TASK BRIEF:
Make an exact copy of the lines from the top of the entries below through the line with "Статистика турпотока - Sputnik". Leave all pictures out.

INFORMATION GIVEN:
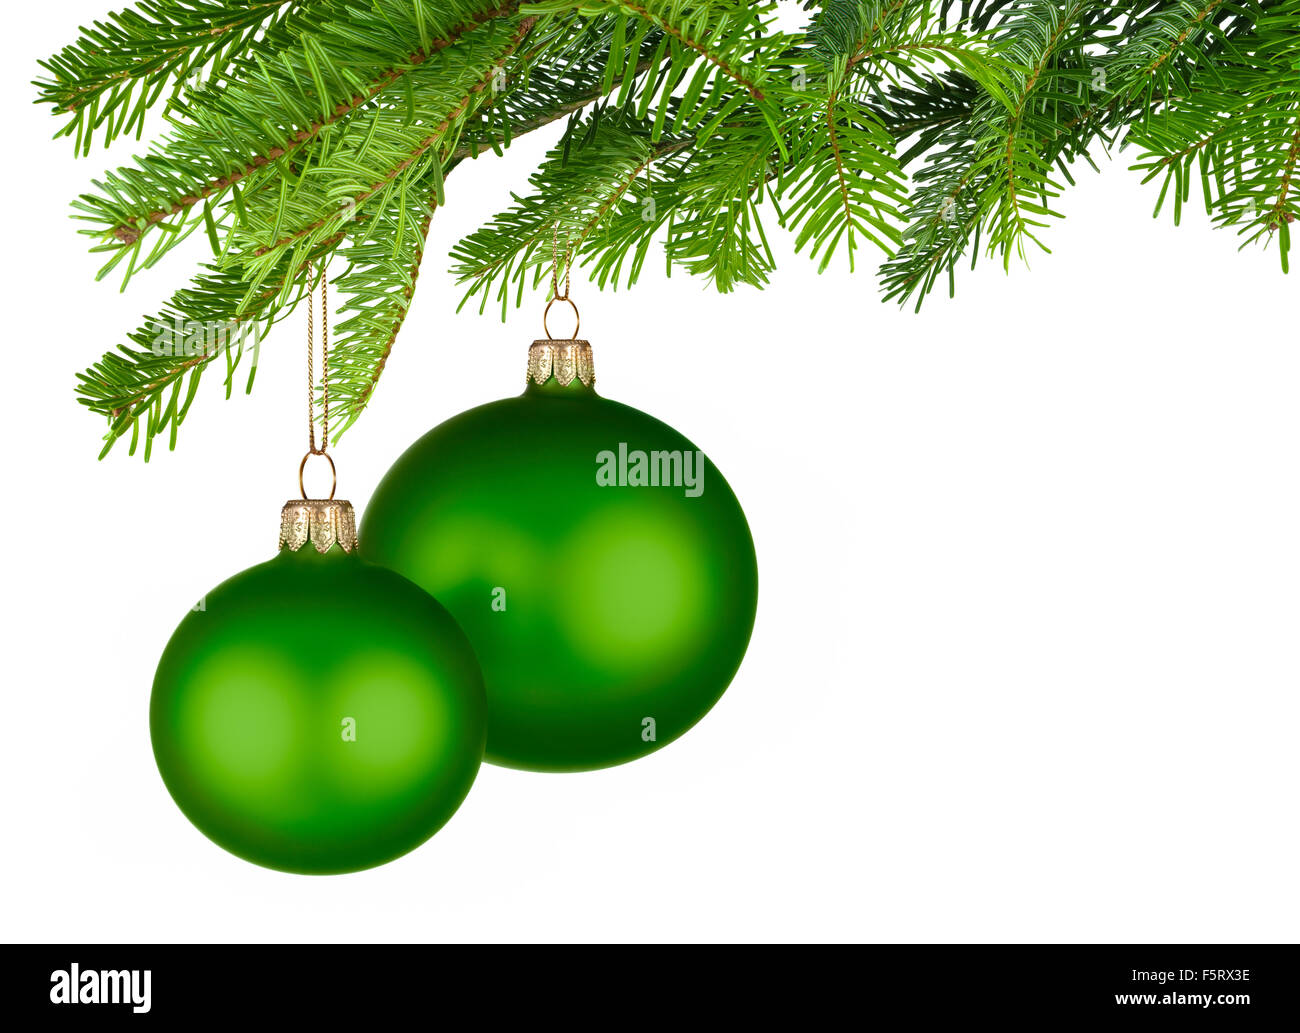 Studio lumineux tourné de deux boules de Noël vert isolés pendant de brindilles de sapin vert frais Banque D'Images
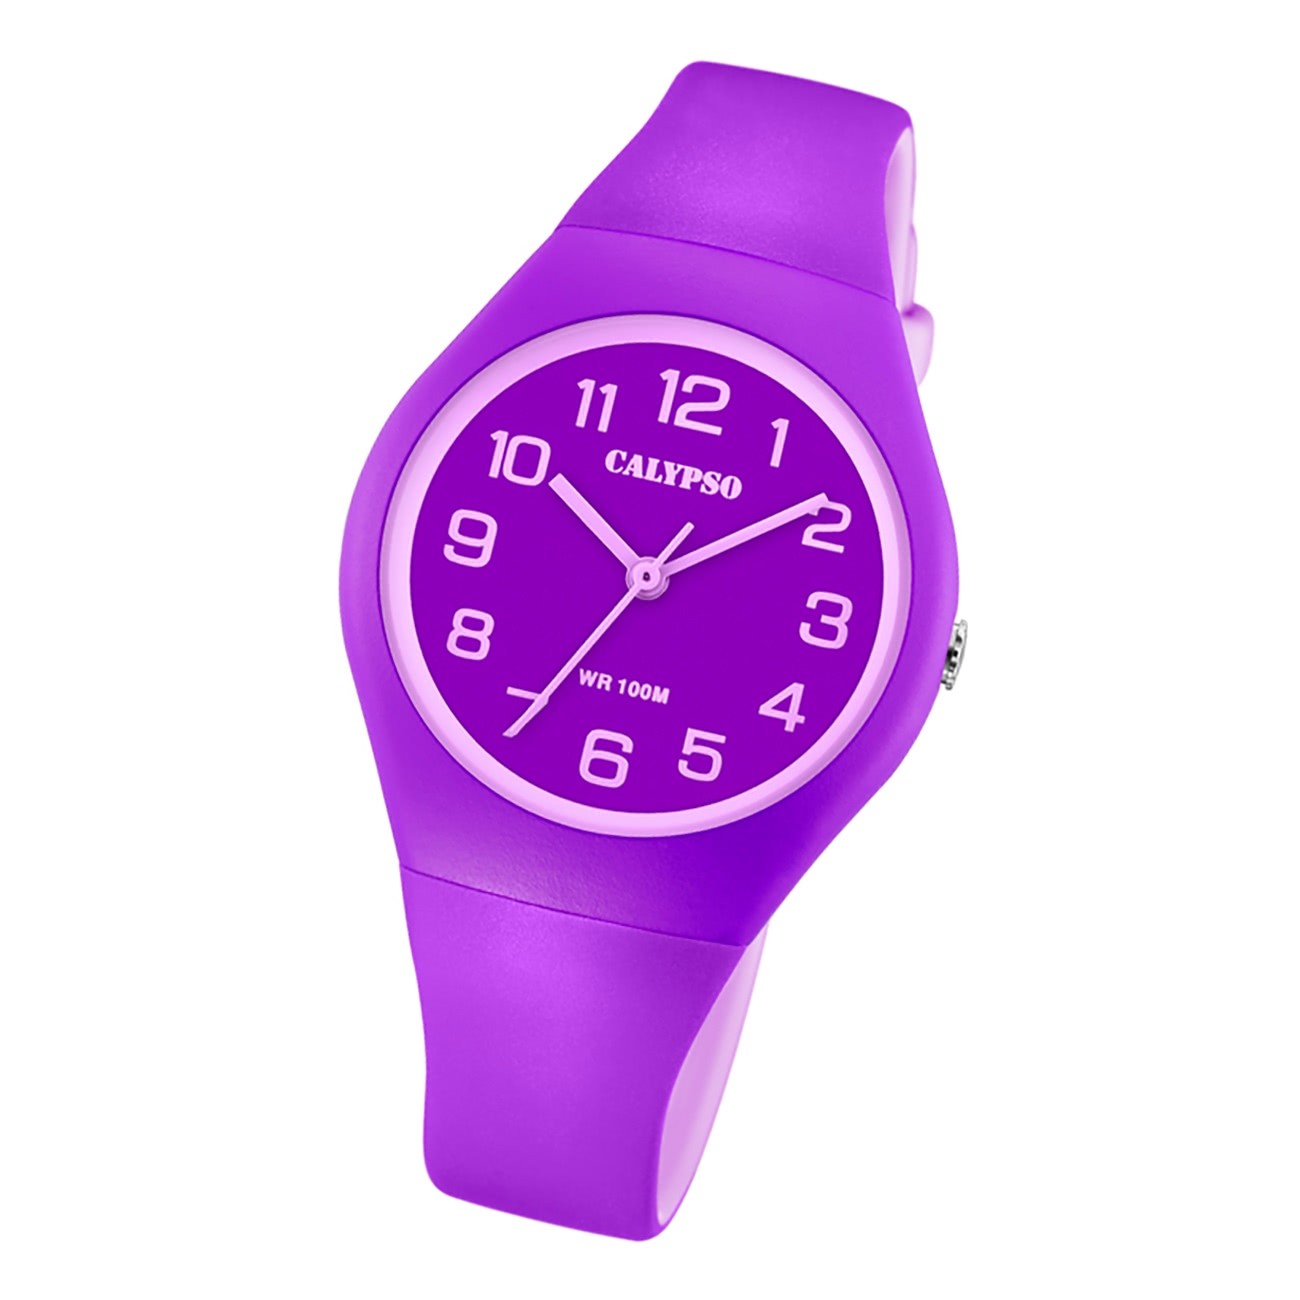 Calypso Damen Jugend Armbanduhr Fashion K5777/4 Analog Kunststoff lila UK5777/4
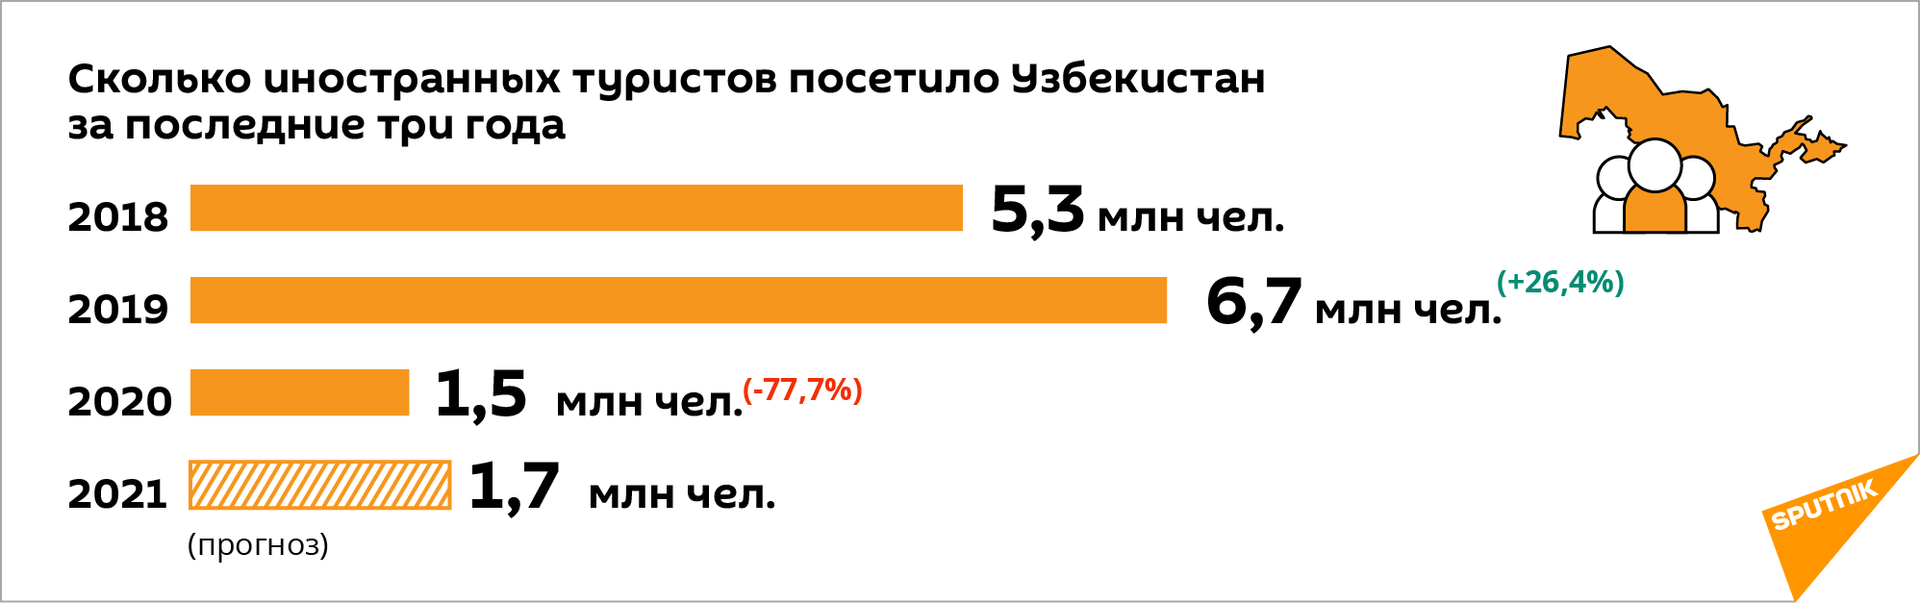 Статистика турпотока - Sputnik Узбекистан, 1920, 09.03.2021
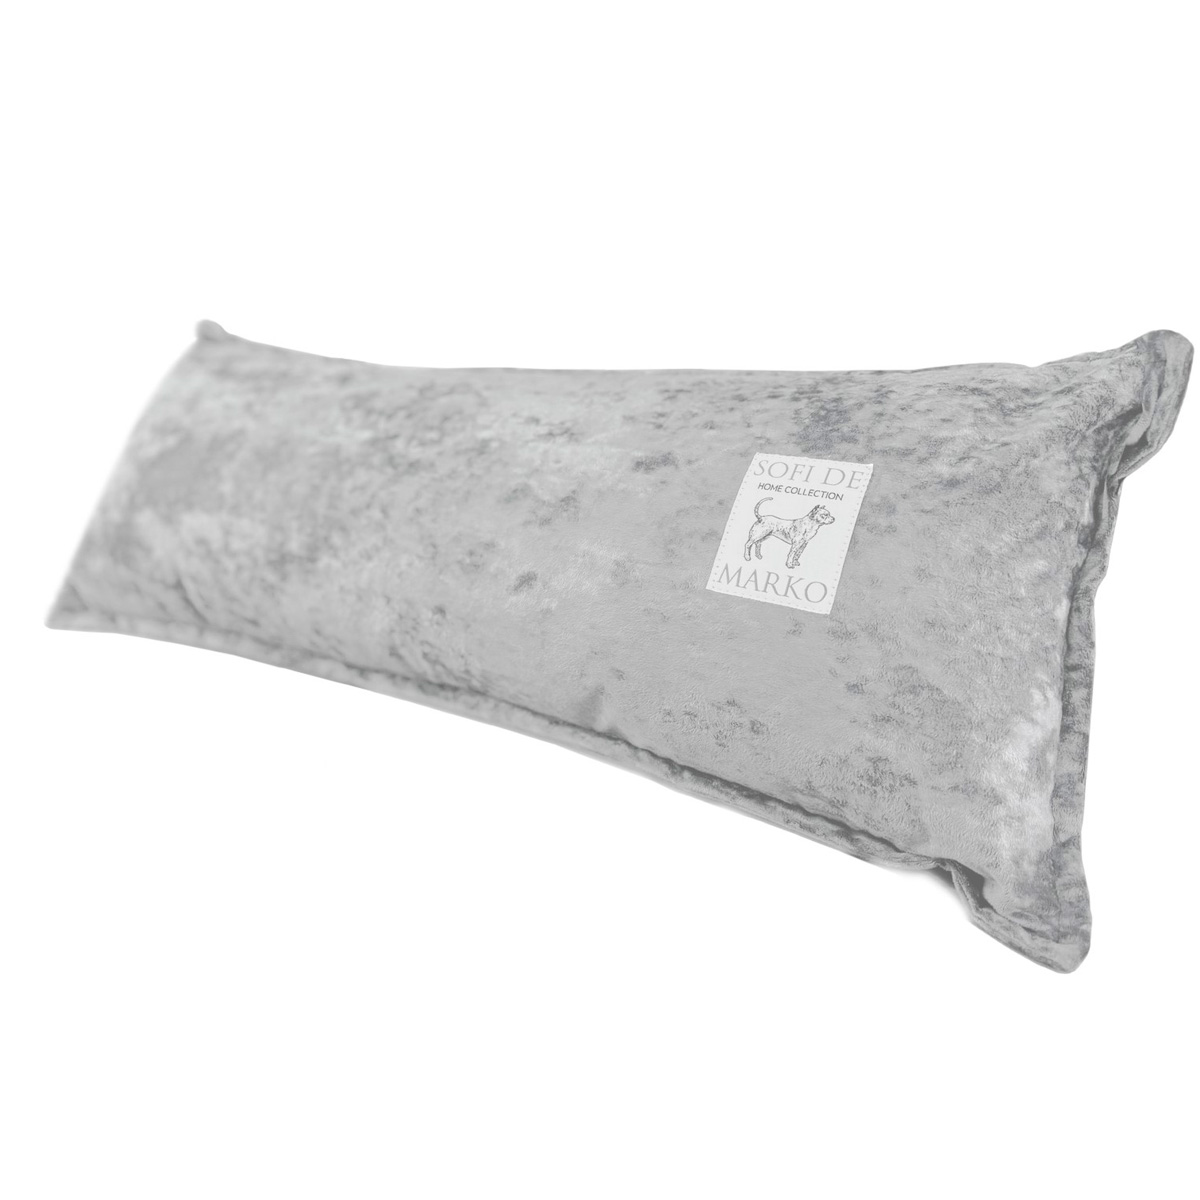 Подушка декоративная Sofi de Marko Брайан 32x90см, цвет светлый серый одеяло sofi de marko п 0010 2 0
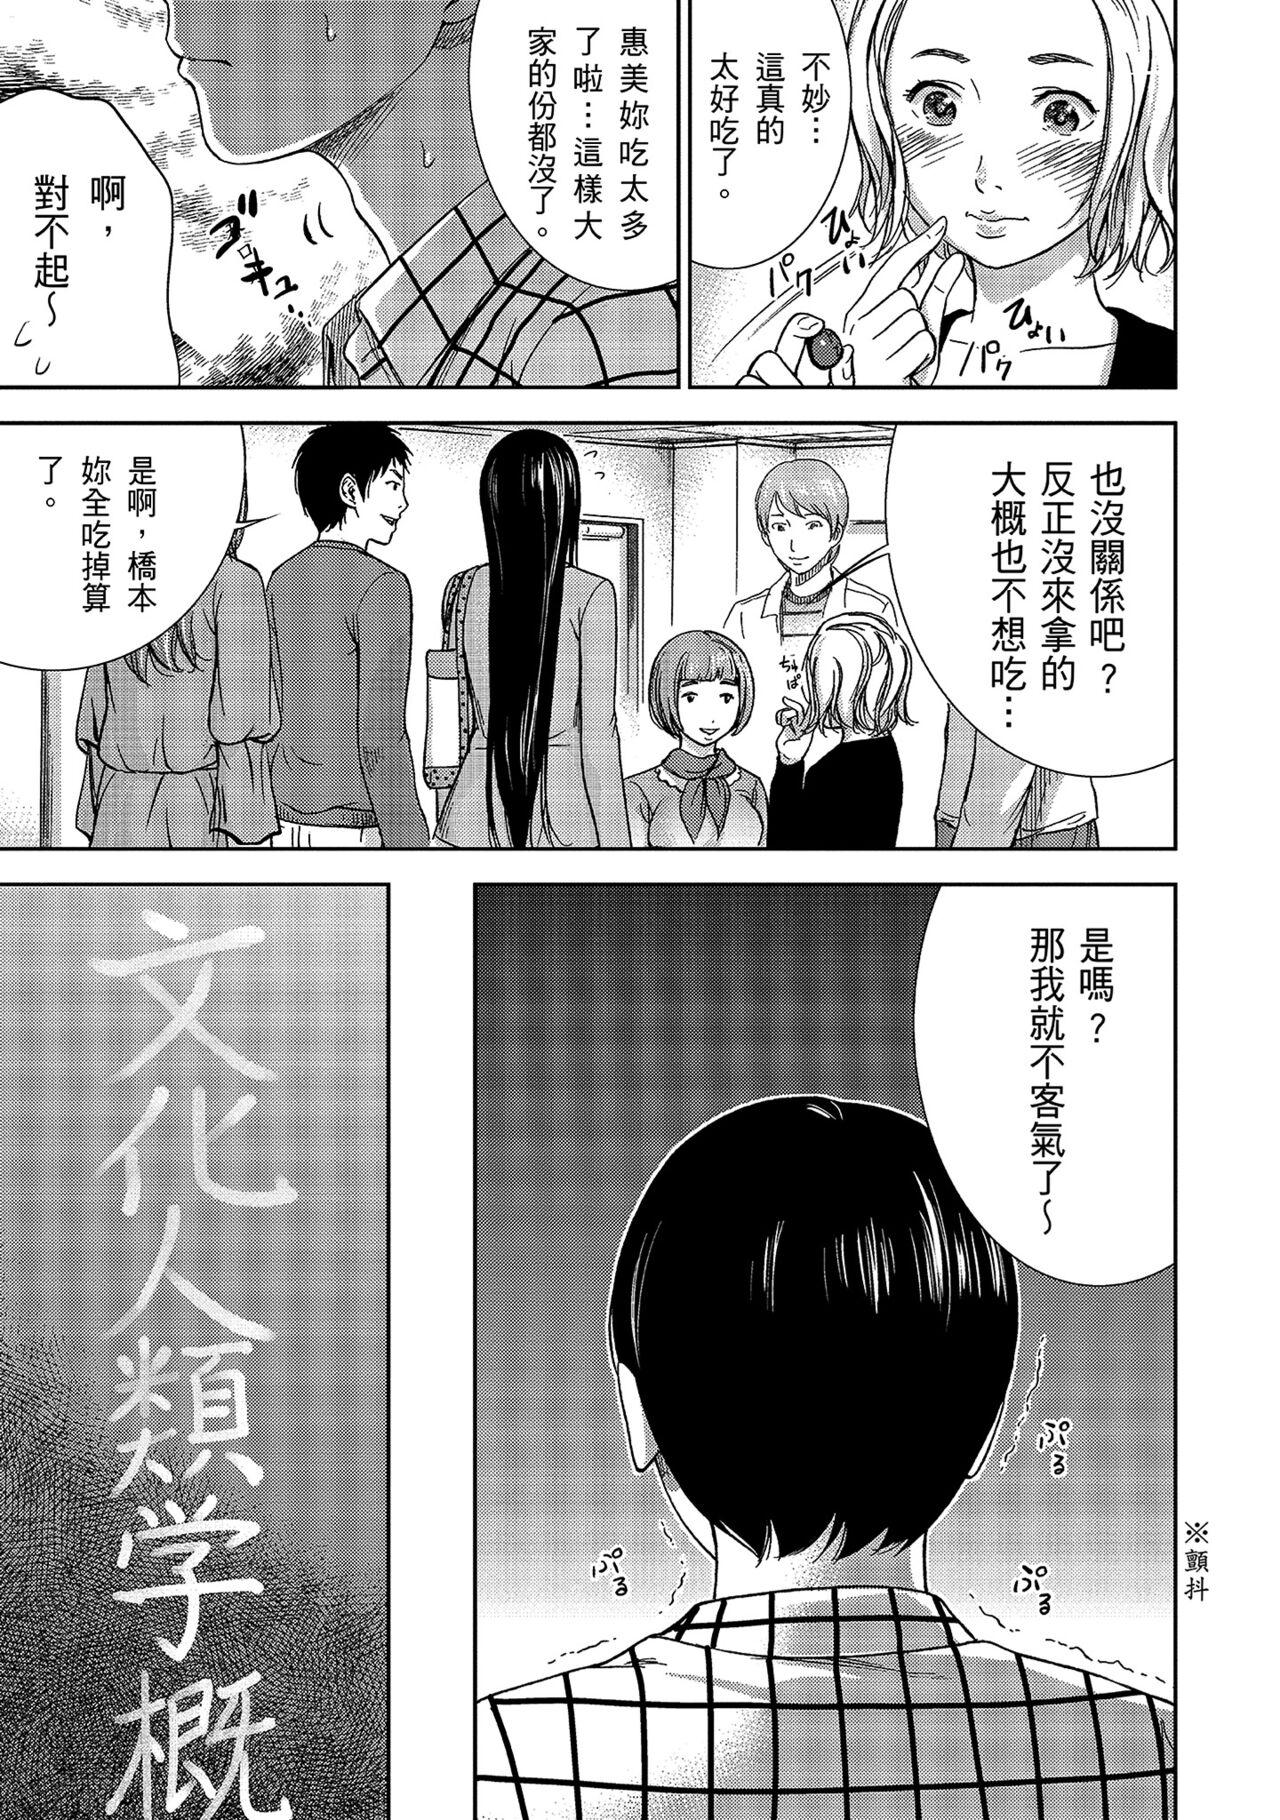 Gay Ass Fucking Ayamachi, Hajimemashite. 1 | 無法抗拒的誘惑 1 Girls - Page 9
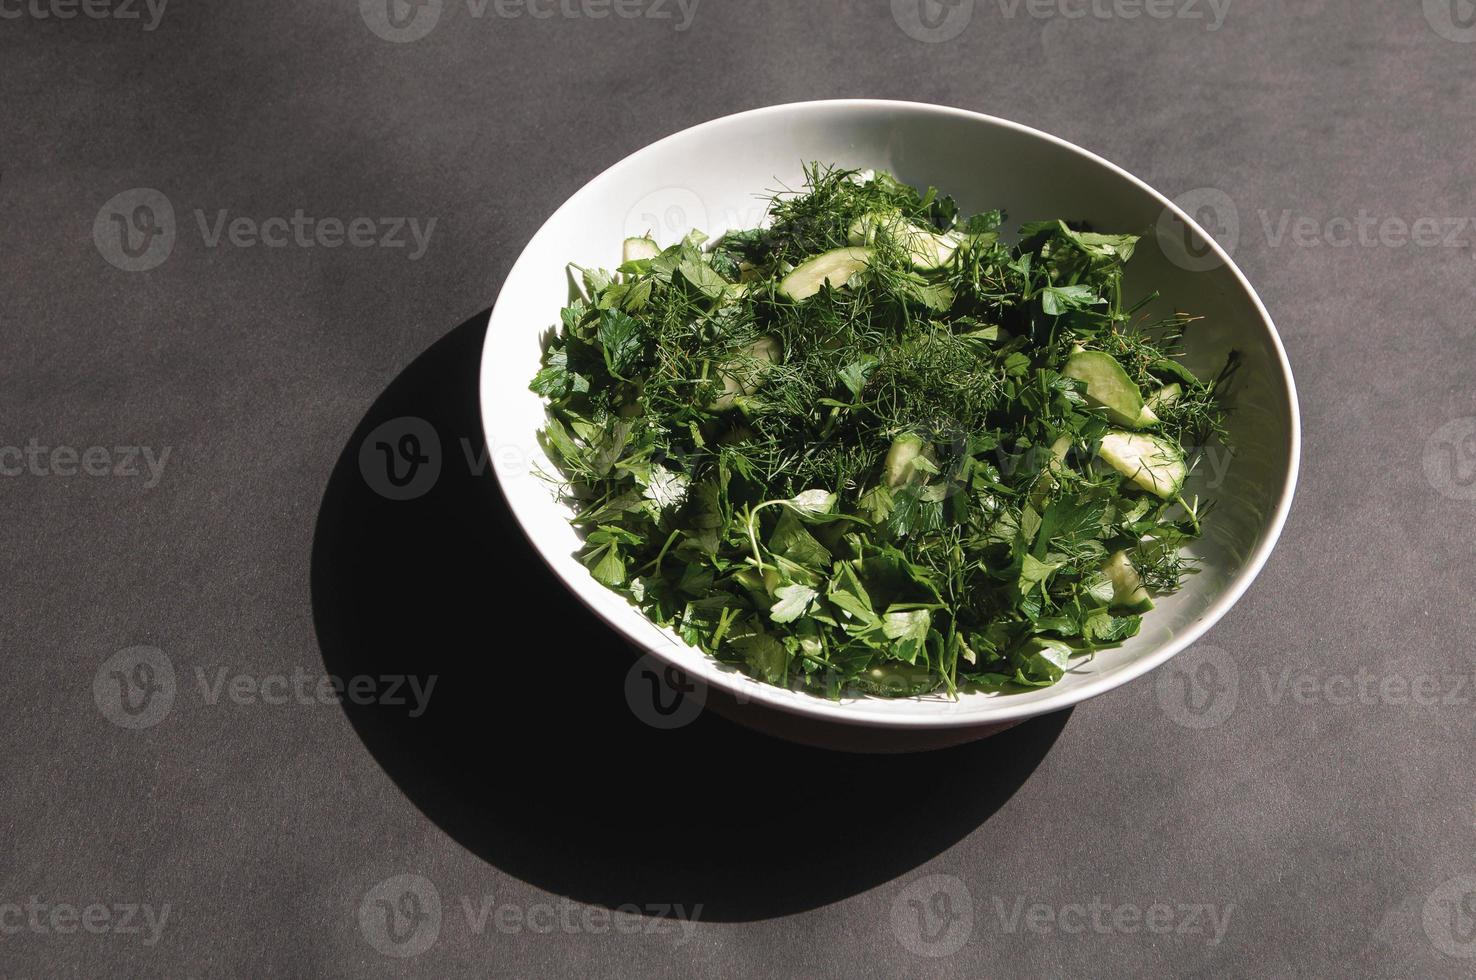 Salade met dille en peterseliekomkommers op plaat een grijze achtergrond foto

RESPONSE FOR THIS EXERCISE:
 Studio lumineux tourné de deux boules de Noël vert isolés pendant de brindilles de sapin vert frais Banque D'Images
 Calypso Damen Jugend Armbanduhr Fashion K5777/4 Analog Kunststoff lila UK5777/4
 Статистика турпотока - Sputnik Узбекистан, 1920, 09.03.2021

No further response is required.